Old Navy, Target and Ikea are just a few examples. Old Navy uses commercials that feature people from all walks of life dancing together. It's important to show that everyone belongs in a tribe and that everyone fits in. Isn't that what many of us want?

The lover

The Lover archetype is a hopeless romantic. The Lover archetype is used heavily in cosmetics, fashion, pet supplies and luxury brands. The Lover wants to be connected and interact with others on an intimate level. This archetype is used by chocolate brands because it offers a sensual, pleasurable experience.

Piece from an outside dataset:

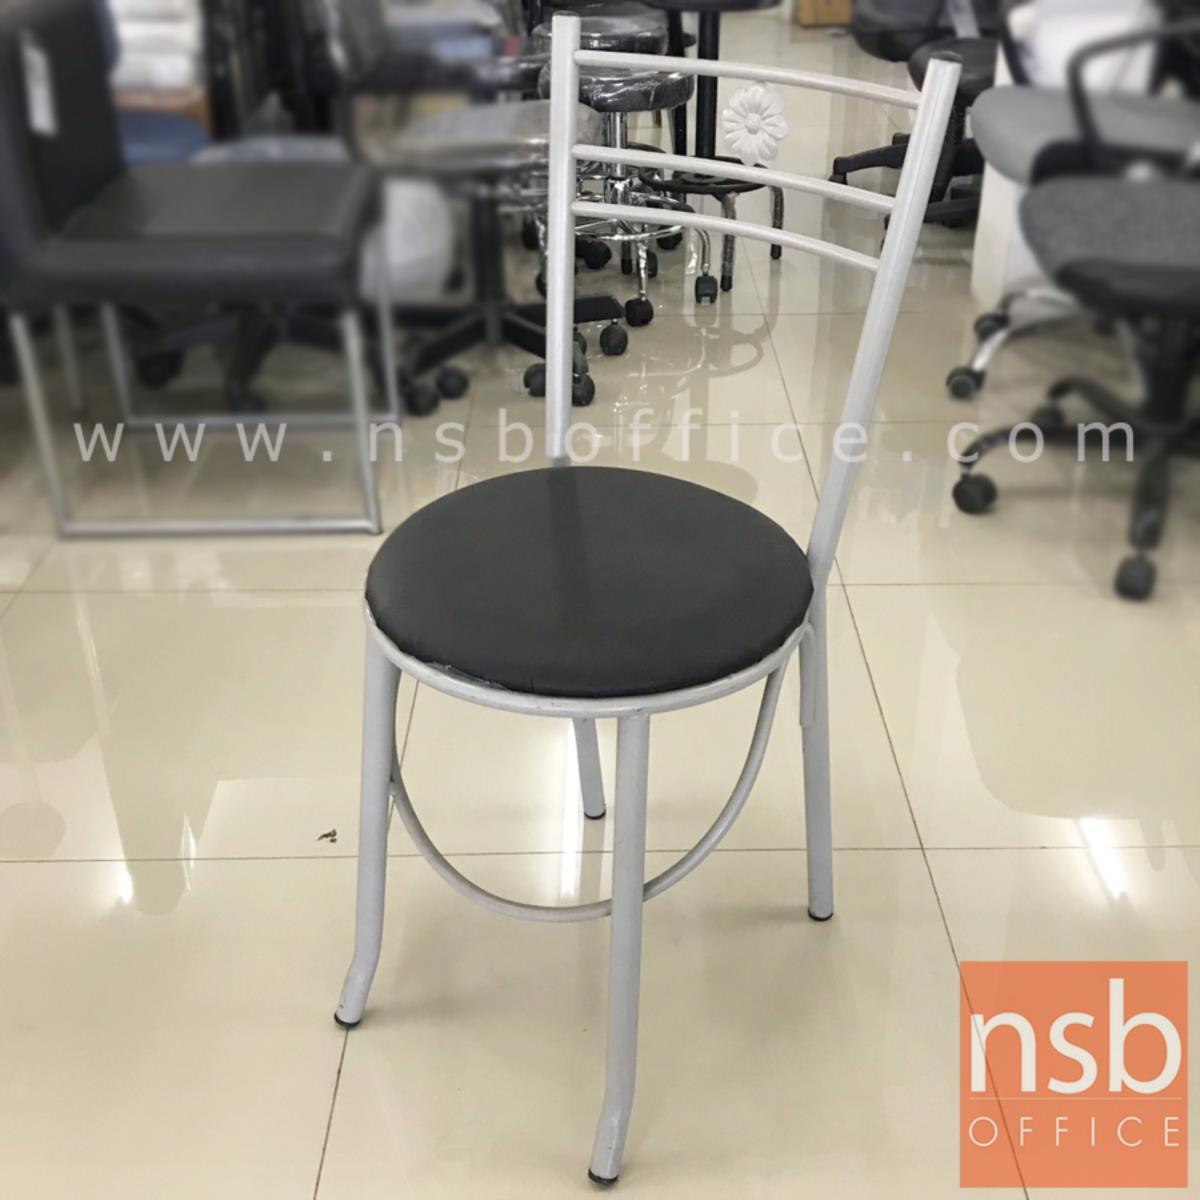 เก้าอี้โมเดิร์นหนังเทียม CHAIR7 พิงหลังตรงกลางลายดอกไม้ (STOCK-1 ตัว)

Chanel is not only the Lover archetype; so was Marilyn Monroe. Chanel's ad featuring Marilyn Monroe effectively represented the Lover archetype.

Risk and mastery: The Hero and The Outlaw and The Magician

The Hero, The Outlaw and The Magician are all Archetypes that want to take chances and master every situation.

The Hero

Our culture's fascination with heroes is a testimony to the Hero archetype. Similar accessibility is available for heroes of the armed forces and sports figures. The Hero archetype is used by brands in the fitness, outdoor, and sports industries. Nike is the most famous Hero brand, but they're far from the only one.

Duracell batteries even use the Hero archetype. Duracell can provide energy for emergencies, such as when a flashlight or other life-saving tool is required.

The Outlaw

Red Bull and MTV use the Outlaw archetype often to promote music, fashion, energy and extreme sports.

The Outlaw archetype believes that disruptive change is possible. The Outlaw archetype believes in disrupting change and destroying all that is not working.

The Magician

Magic is all around us, and The Magician strives to channel it. The Magician is used by brands in the entertainment, fitness, and beauty industries to create eye-popping moments. Because it keeps going and going, The Energizer Bunny has a magical effect that defies our expectations about normal battery life.

Guinness is an excellent example of Magician branding, with powerful imagery and a secretive product. According to our sources, there is deep mystery about the beer's ingredients. Guinness's magical past and the effectiveness of the Magician archetype are just two of the reasons why it is so popular.

Independence and fulfillment: The Innocent and The Explorer

The Innocent archetype, Explorer, or Sage archetype seeks independence and fulfillment.

The Innocent

You can think of healthy and organic industries, as well as brands in the cleaning, beauty, or food industry. Toys R Us is a brand that stands out when you think about the Innocent archetype. Their TV ads still ring true, even though the toy retailer has gone out of business. Toys R Us' mascot was an innocent giraffe who brought back childhood memories for every customer that saw him.

The Explorer

The Explorer archetype encourages exploration and new experiences. The Explorer archetype is used by brands in extreme sports, outdoor travel, and SUV. They offer products that allow people to embark on thrilling adventures. The Explorer is a person who explores the world and lives life to the fullest.

The Sage

The Sage archetype is concerned with understanding the world around them. Sages seek to understand the truth and help improve the world. Industries such as engineering, mass media, literature, science and education all offer wisdom and self-awareness. They make effective use of this Sage archetype.

Google and CNN, for example, use the Sage archetype. One well-known example of the Sage archetype is the Dalai Lama, who seeks deep insight to help us understand our world.

You need some assistance in launching your brand using archetypes. A branding workshop is offered by many branding agencies. These workshops will help you identify the archetype of your brand and how to integrate it into your brand.